▶ PROBLEM TO WORK ON
Write out word for word the lines from the one holding "femme, bavarder, sur, elle, mobile, barre" through the end of the data, and only those lines. Pictures stay out.

▶ DATA SECTION
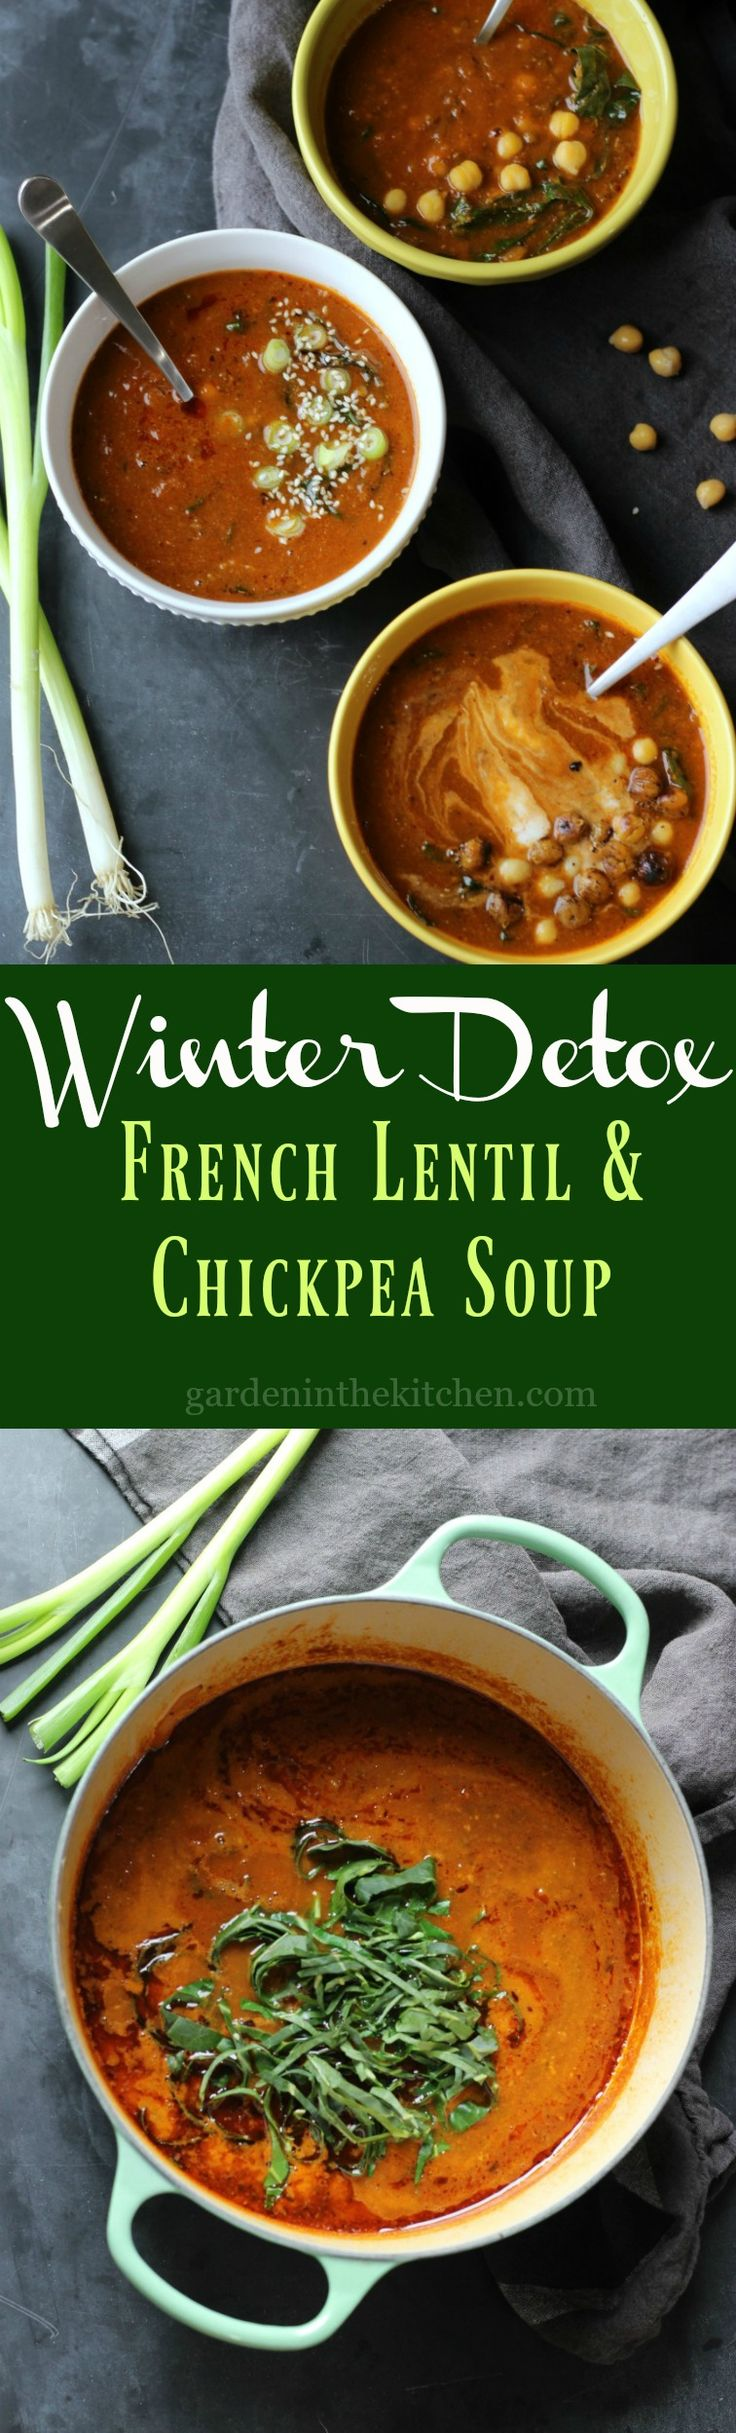 Winter Detox French Lentil & Chickpea Soup (Vegan) | gardeninthekitchen.com
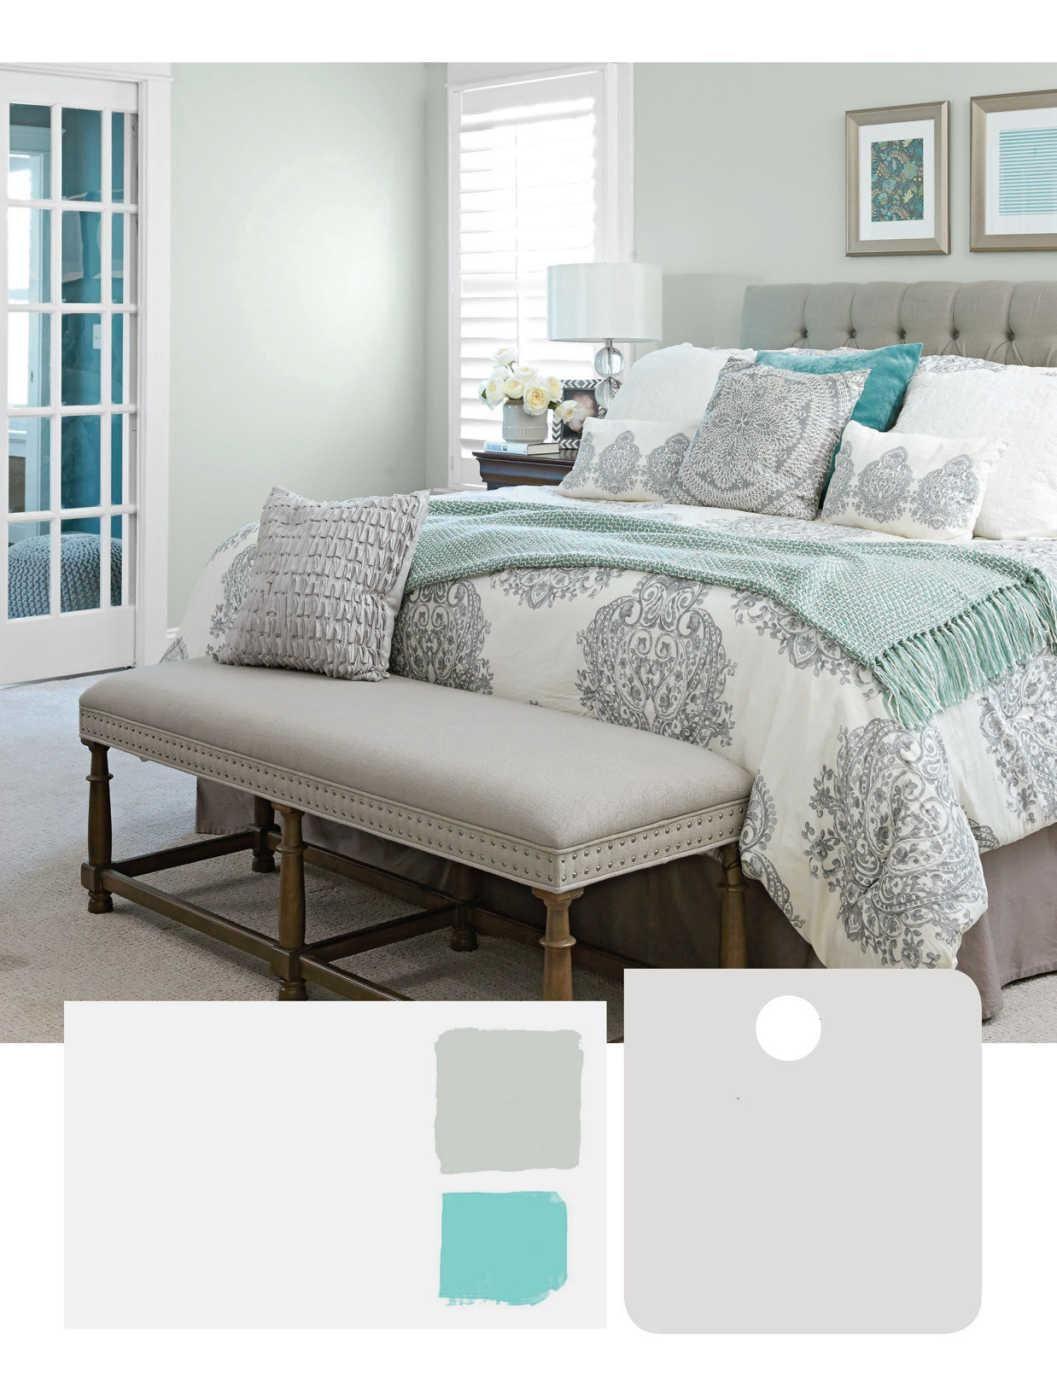 Pin By Mallory Jarrold On Bedroom Ideas Master Bedrooms Decor
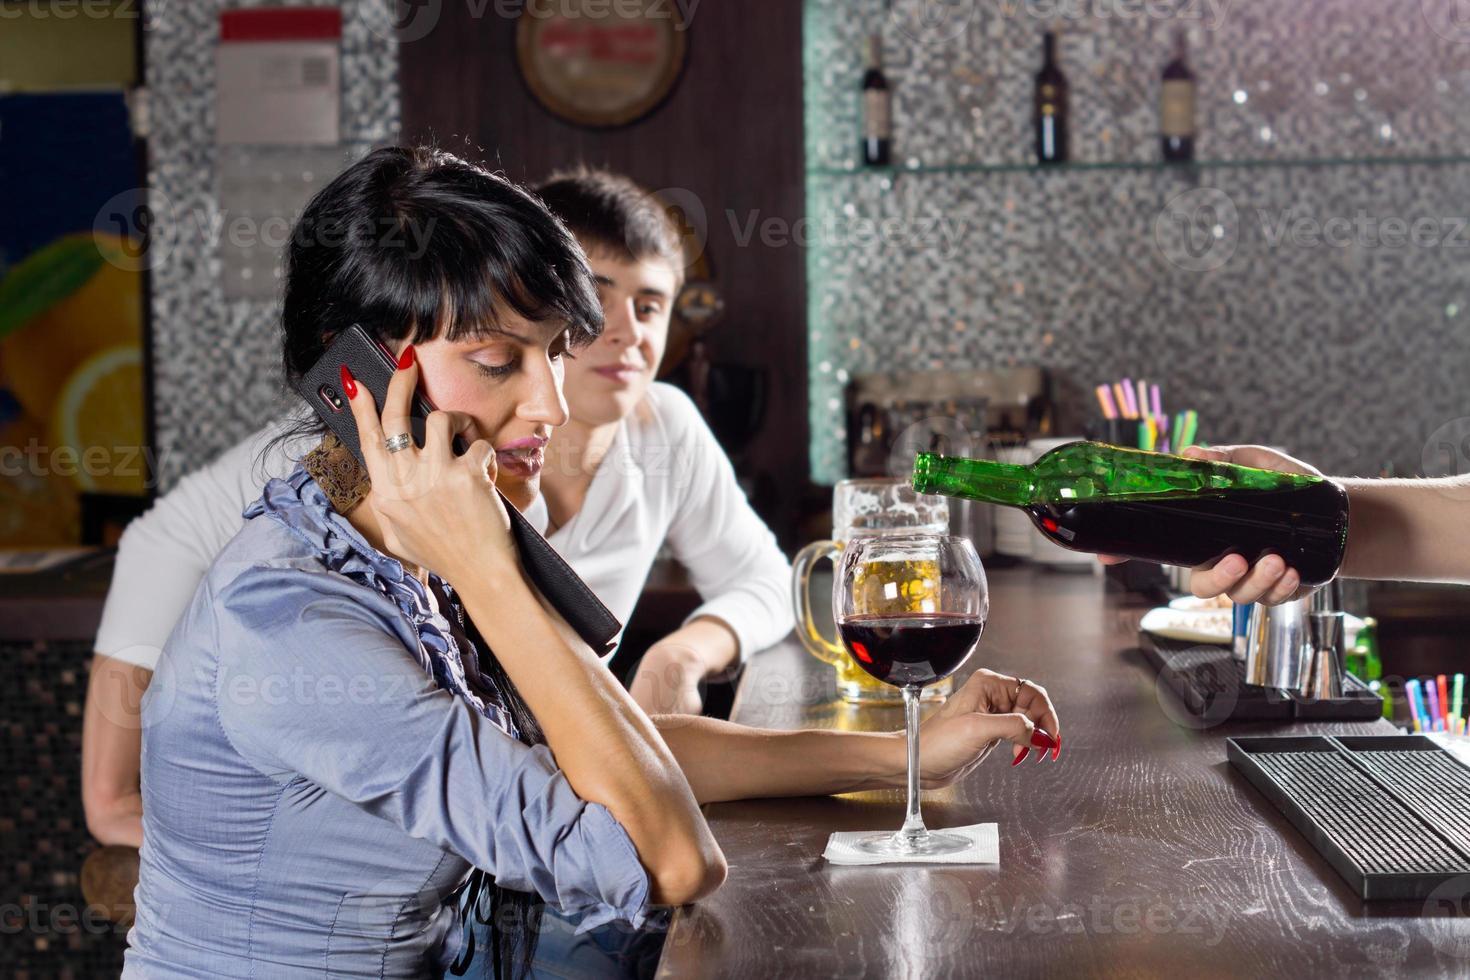 femme, bavarder, sur, elle, mobile, barre photo
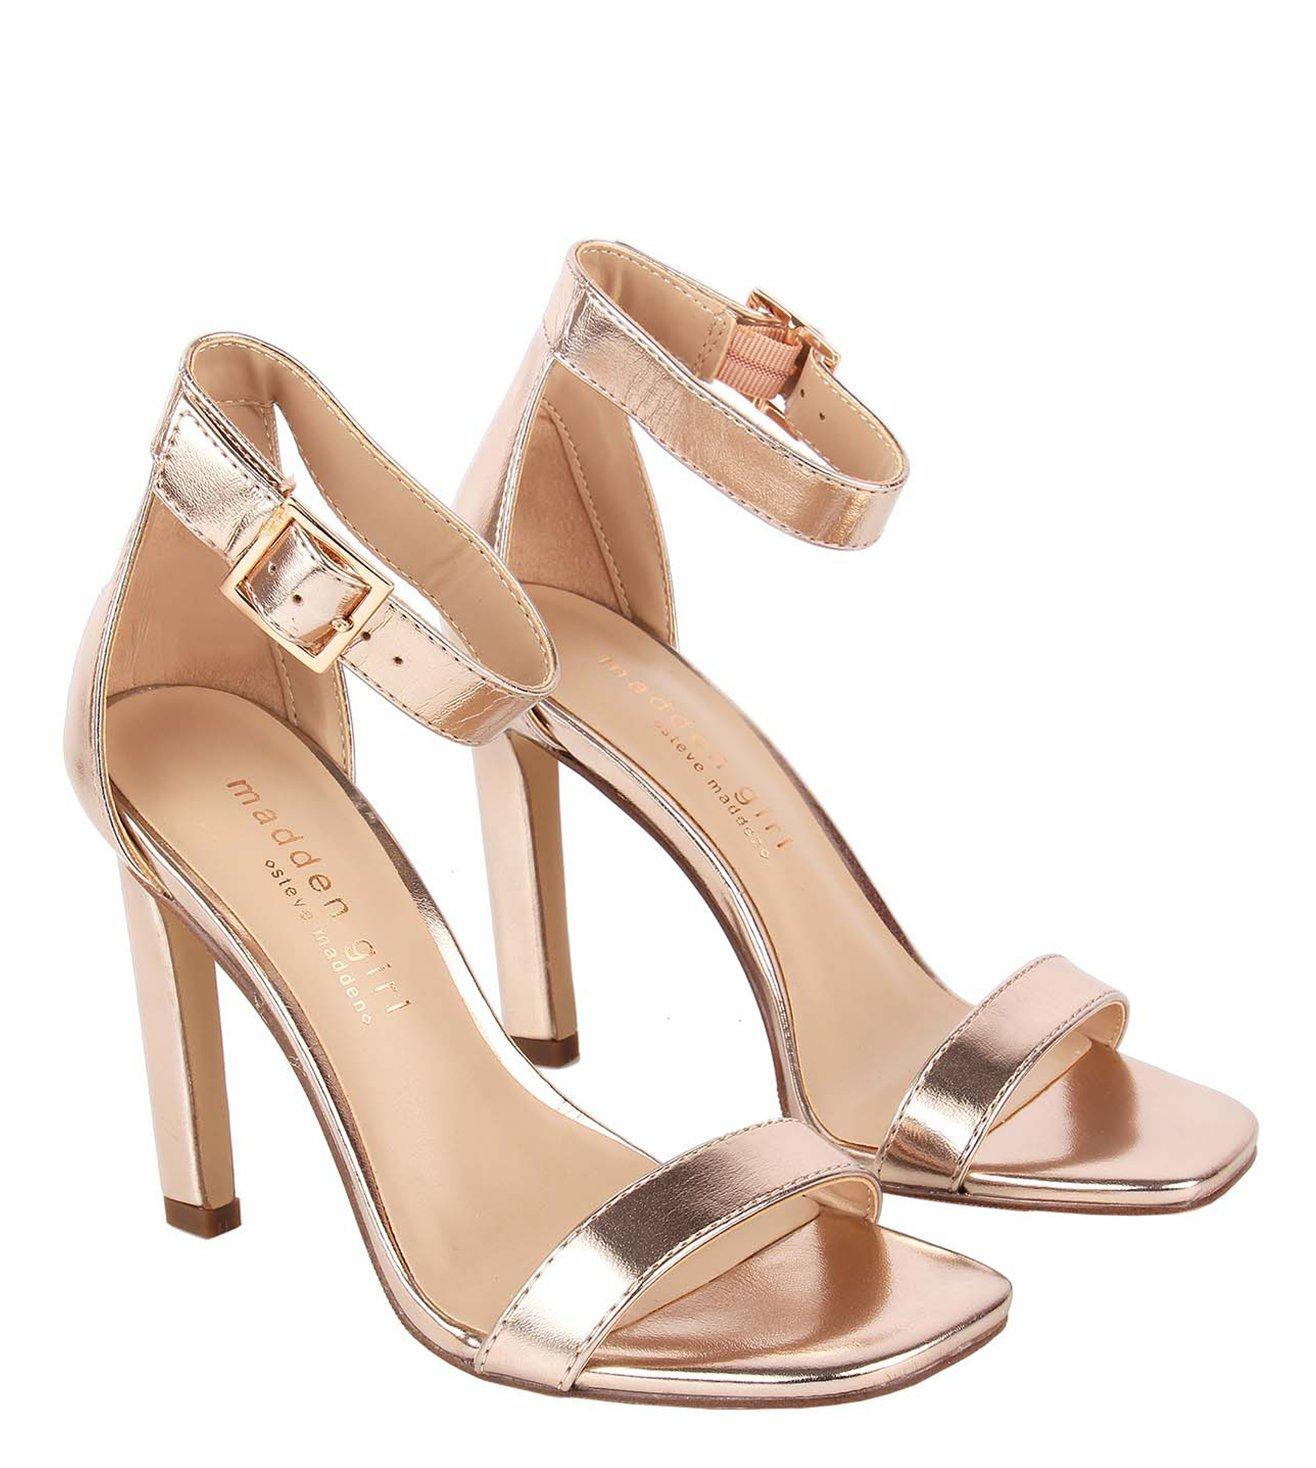 Steve Madden Rose Gold Ara Heel Sandals

▶ REPLY TO THE TASK
 femme, bavarder, sur, elle, mobile, barre photo
 Steve Madden Rose Gold Ara Heel Sandals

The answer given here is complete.